Full-length of Smad3 and Smurf1 were constructed by PCR, followed by subcloning into various vectors. Anti-Smad3 (Cat# 9523, 1:1000)52, anti-Myc (Cat# 2276,1:2000)53 and anti-Myc-HRP (Cat# 2040, 1:1000)54 was from Cell Signaling Technology. Anti-Smurf1 (Cat# ab117552 1:1000)55 was from Abcam. Anti-Flag M2 monoclonal antibody (Cat# F3165, 1:2000)56 and the proteasome inhibitor MG132 (Cat# M8699)57 were from Sigma Aldrich. Anti-HA antibody was from Roche Life Science (Cat# 11867423001, 1:2000). GAPDH (Cat# sc-47724, 1:2000)58 and secondary antibodies (goat anti-rabbit-HRP Cat# sc-2030, 1:3000; goat anti-mouse-HRP Cat# sc-2005, 1:3000)59 were purchased from Santa Cruz Biotechnology. The MDA-MB-231 cell line was kindly gifted by professor Wenguo Jiang from Cardiff University School of Medicine. These cell lines were authenticated by STR locus analysis (Genetic Testing Biotechnology Corporation, Suzhou, China) and tested for mycoplasma contamination. Cell was cultured in DMEM/F12 medium (Hyclone). These cells were supplemented with 10% fetal bovine serum (Hyclone), penicillin (50 U/ml), and streptomycin (50 lg/ml) (Hyclone). Cells were transfected with Lipofectamine 2000 (Invitrogen) according to the manufacturers’ instructions. Cells were harvested and lysed in HEPES lysis buffer (20 mM HEPES pH 7.2, 50 mM NaCl, 0.5% Triton X-100, 1 mM NaF, 1 mM dithiothreitol) supplemented with protease inhibitor cocktail (Roche Life Science, Cat# 04693116001). The lysate was incubated with indicated antibody 3 h at 4 °C, then added protein A/G-plus agarose and rotated gently more than 8 h at 4 °C. The immunoprecipitates were washed at least three times in lysis buffer, and analyzed by western blotting.

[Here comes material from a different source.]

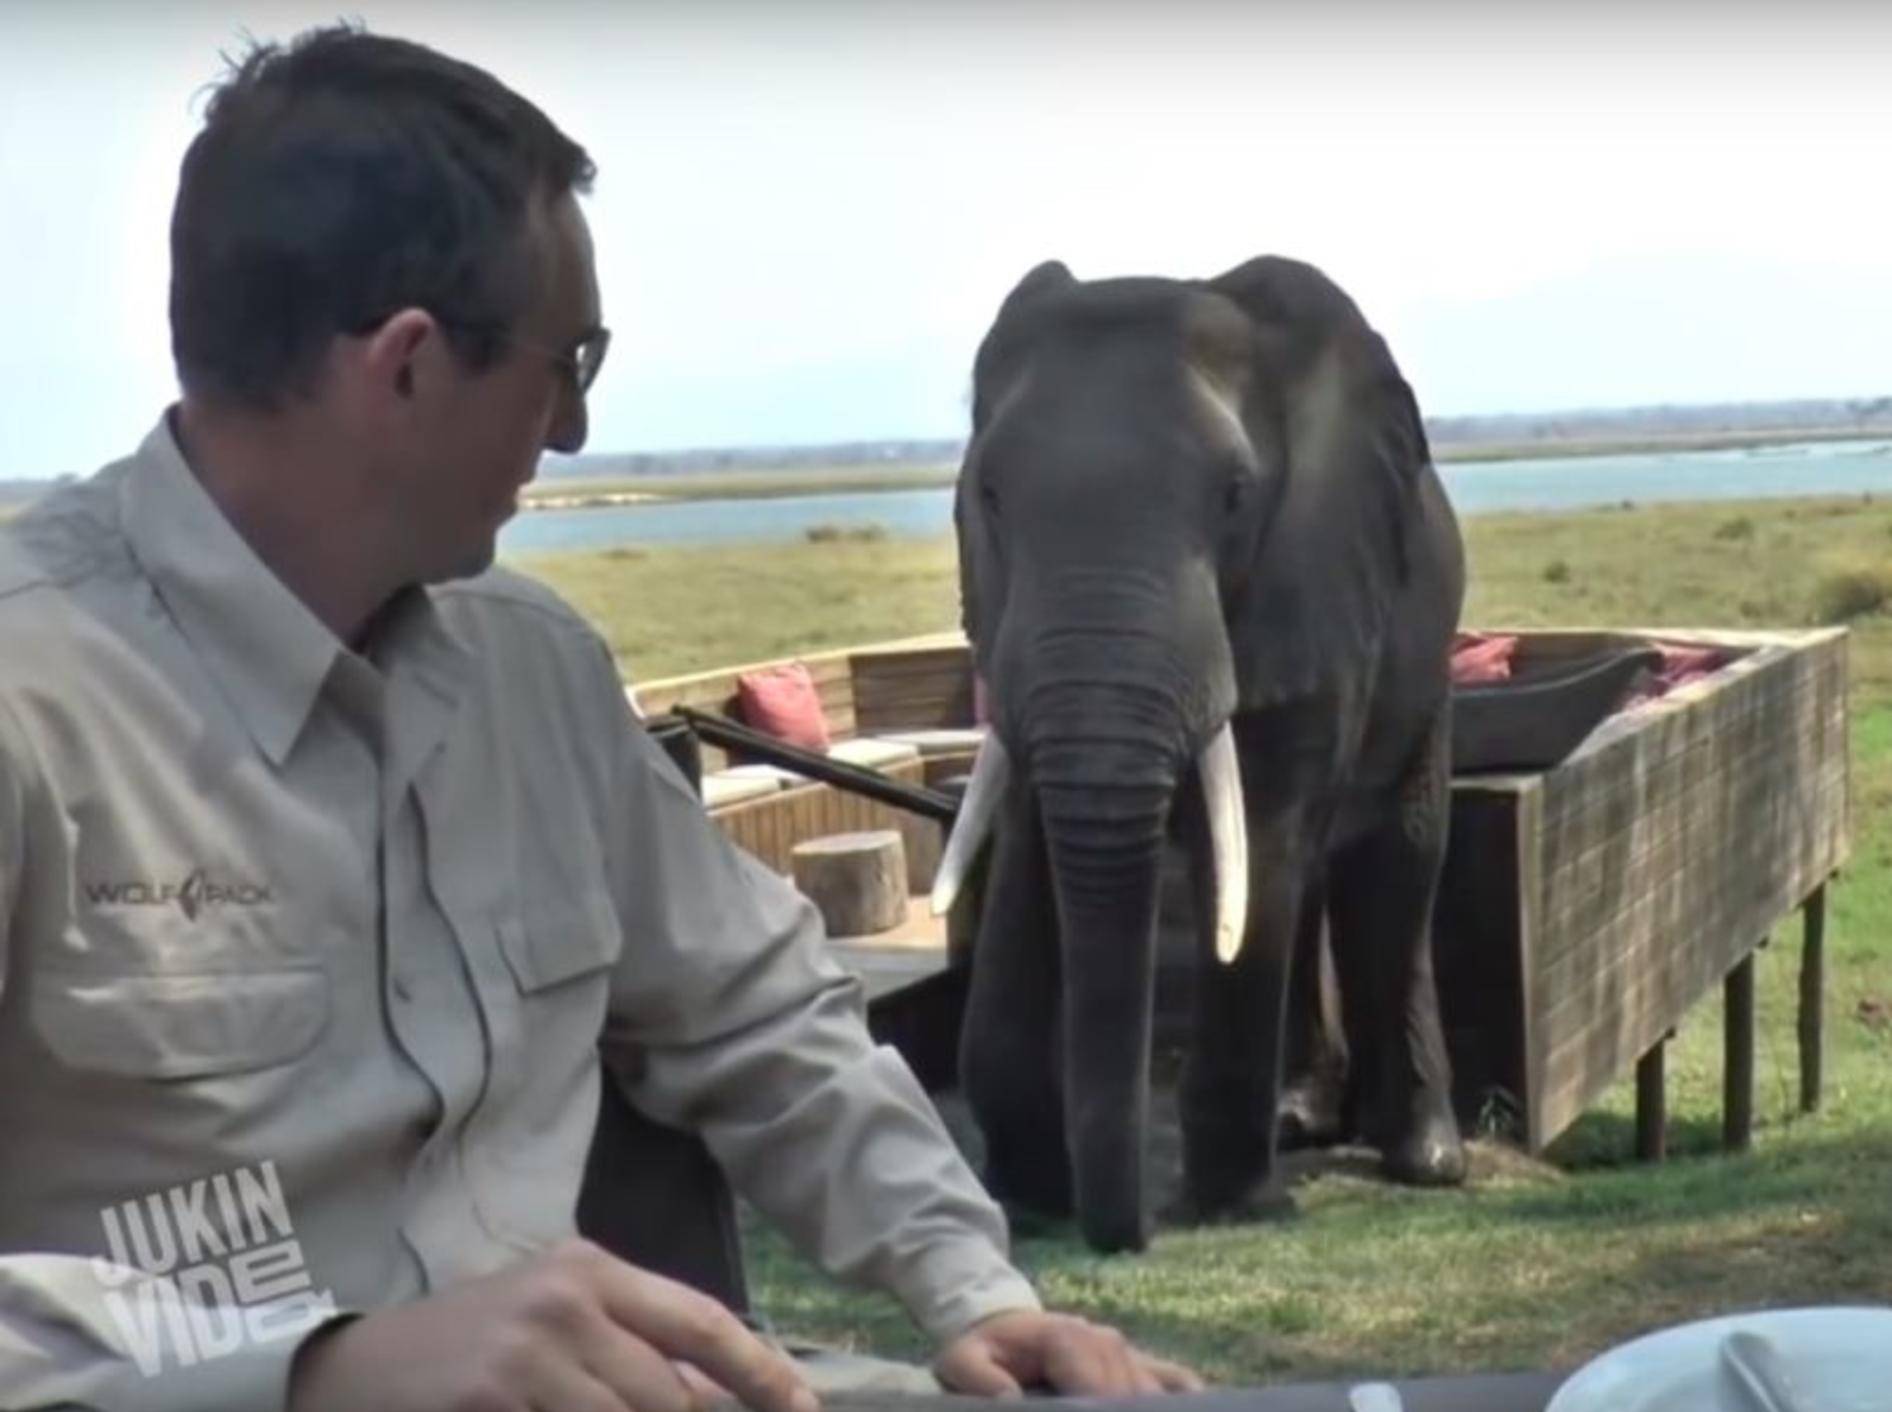 Der Elefant mag wohl keine Touristen – YouTube / JukinVideo

In vivo modification assays: To prepare cell lysates, cells were solubilized in modified lysis buffer (50 mM Tris, pH 7.4, 150 mM NaCl, 10% glycerol, 1 mM EDTA, 1 mM EGTA, 1% sodium dodecyl sulfate (SDS), 1 mM Na3VO4, 1 mM DTT, and 10 mM NaF) supplemented with a protease inhibitor cocktail. The cell lysate was incubated at 60 °C for 10 min. The lysate was then diluted 10 times with modified lysis buffer without SDS. The lysate was incubated with the indicated antibody for 3 h at 4 °C. Protein A/G-plus Agarose was added, and the lysate was rotated gently for 8 h at 4 °C. The immunoprecipitates were washed at least three times in wash buffer (50 mM Tris, pH 7.4, 150 mM NaCl, 10% glycerol, 1 mM EDTA, 1 mM EGTA, 0.1% SDS, 1 mM DTT, and 10 mM NaF). Proteins were recovered by boiling the beads in sample buffer and analyzed by western blot analsis.

Statistical analyses

All statistical analyses were performed using SPSS (version 20). ROCs curves were plotted and smoothed, and the area under the curve (AUROC) and its 95% confidence interval was simultaneously calculated. To determine if there are nonrandom associations between two categorical variables, statistical significance was considered at P < 0.05 using the one-tailed Fisher’s exact test. Unless otherwise stated, all experiments were repeated at least thrice (n = 3).

Data Availability

All relevant data and codes are available from the authors upon request.